Look below for the line containing "friends romans and". Write out that line and the rest through the last one, exactly as they appear, but without pictures.
Input data START
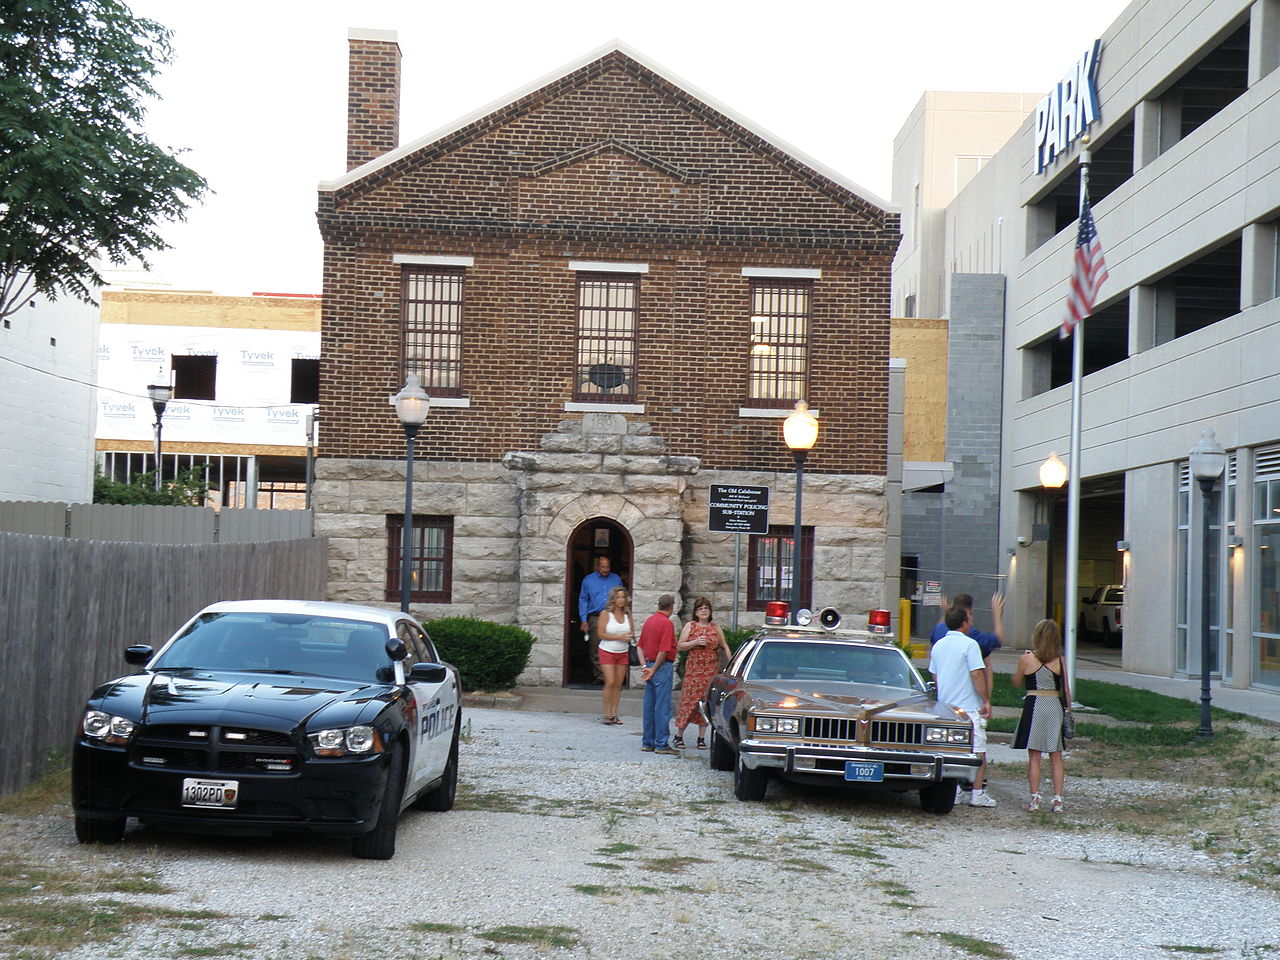 The Calaboose, also known as the Old Springfield Jail, was built in 1891.
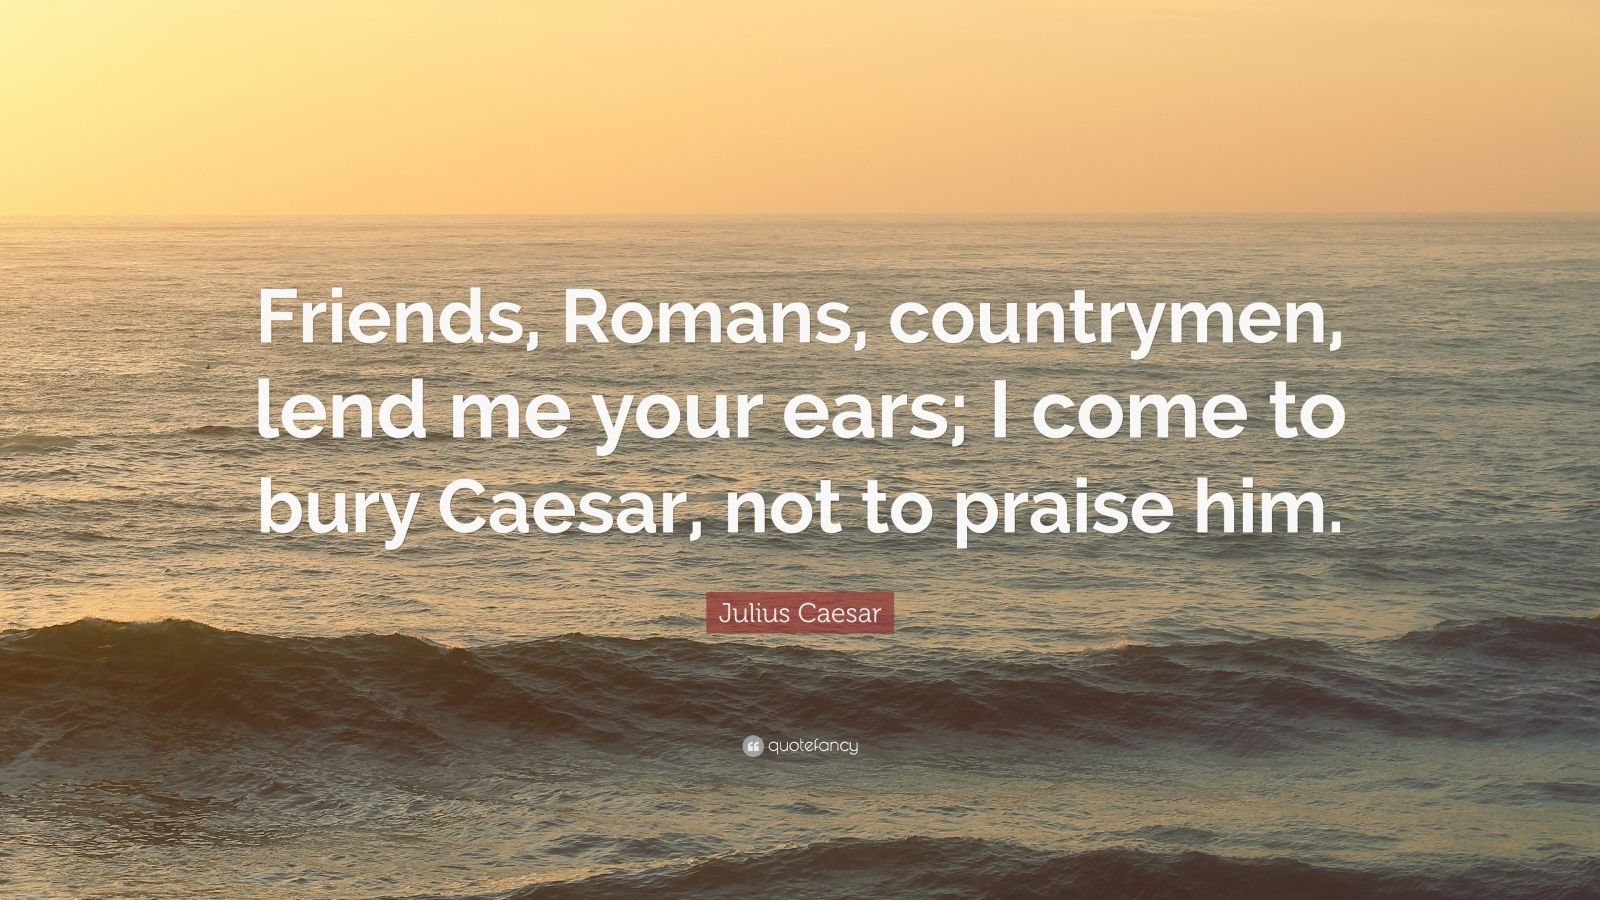 friends romans and countrymen lend me your ears
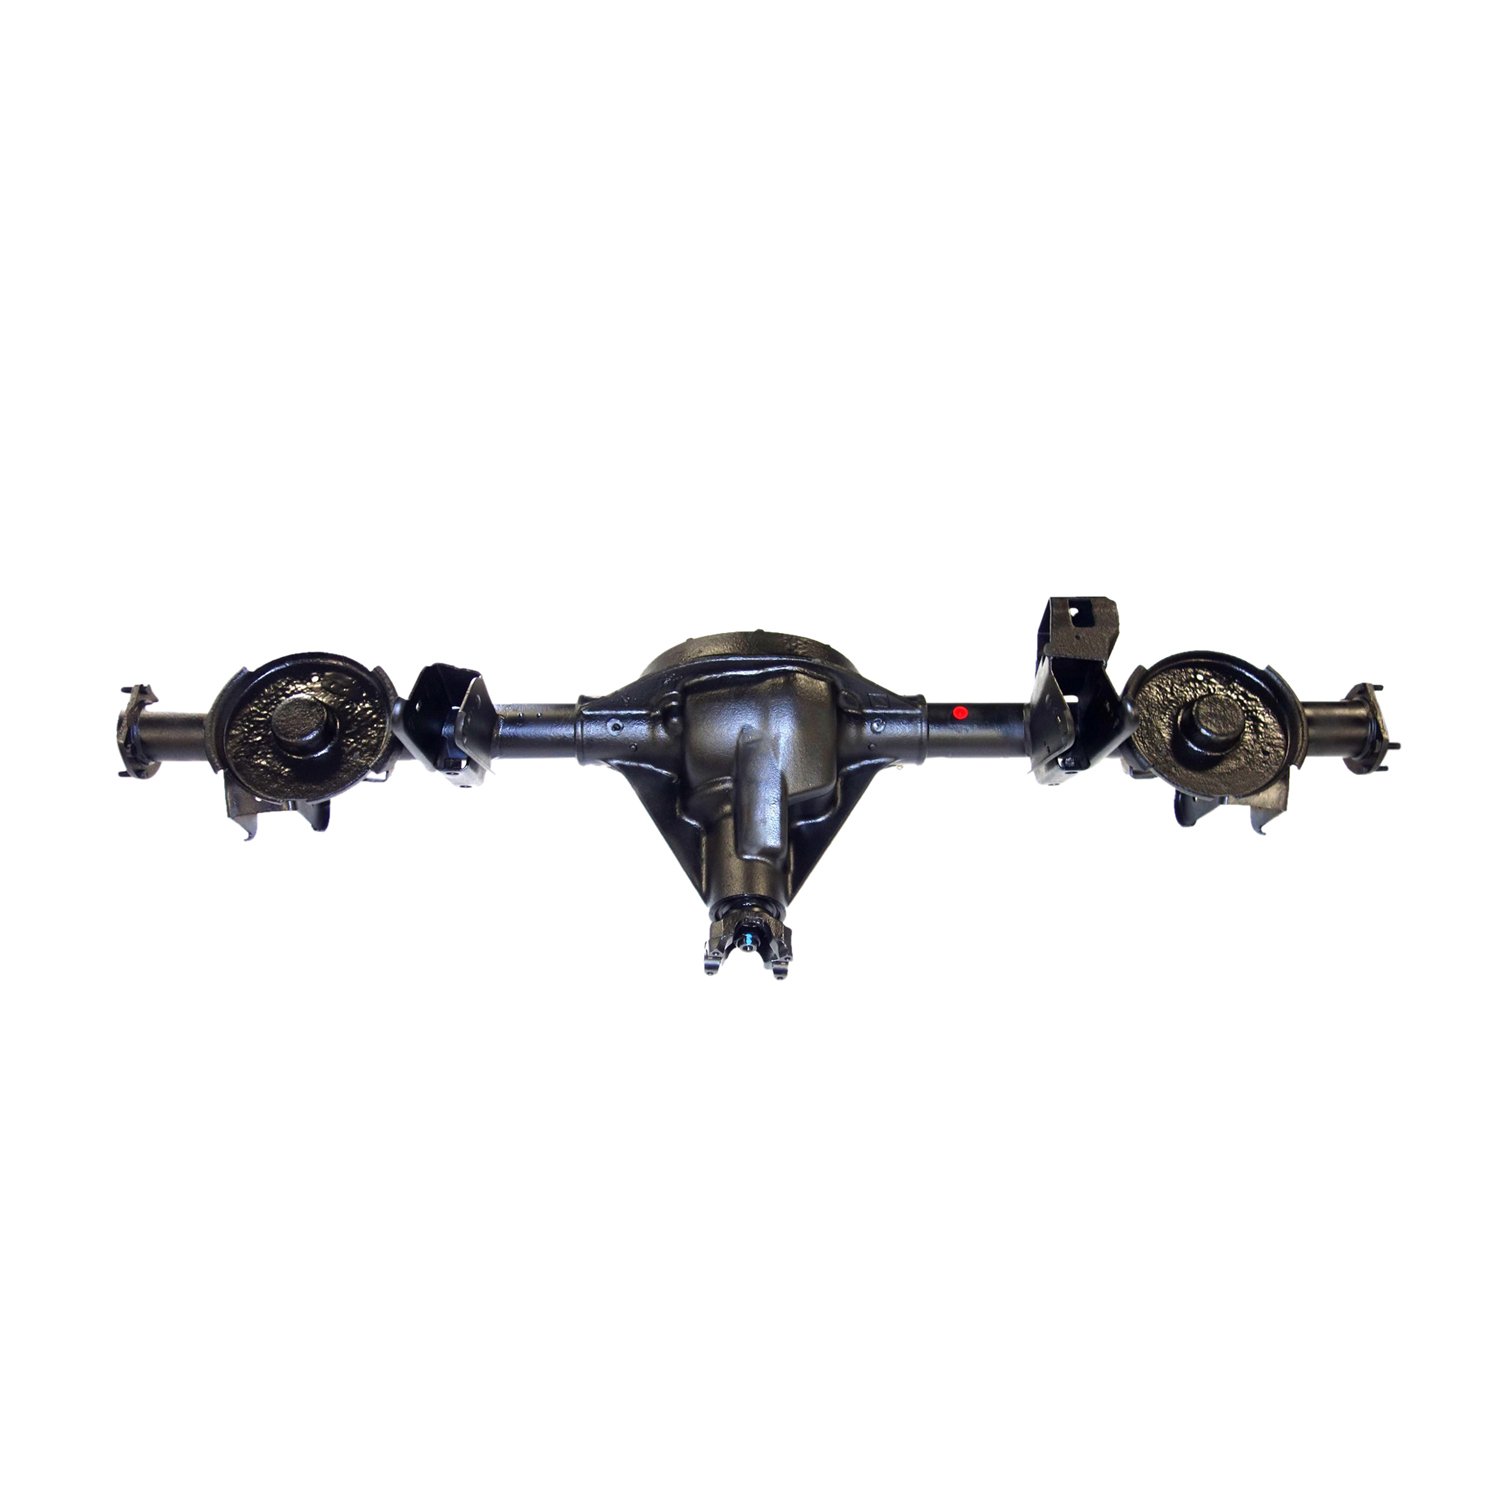 Remanufactured Complete Axle Assembly for Dana 35 97-02 Wrangler 4.11 with ABS, Posi LSD
Input data END
→ Reply
 friends romans and countrymen lend me your ears
 Remanufactured Complete Axle Assembly for Dana 35 97-02 Wrangler 4.11 with ABS, Posi LSD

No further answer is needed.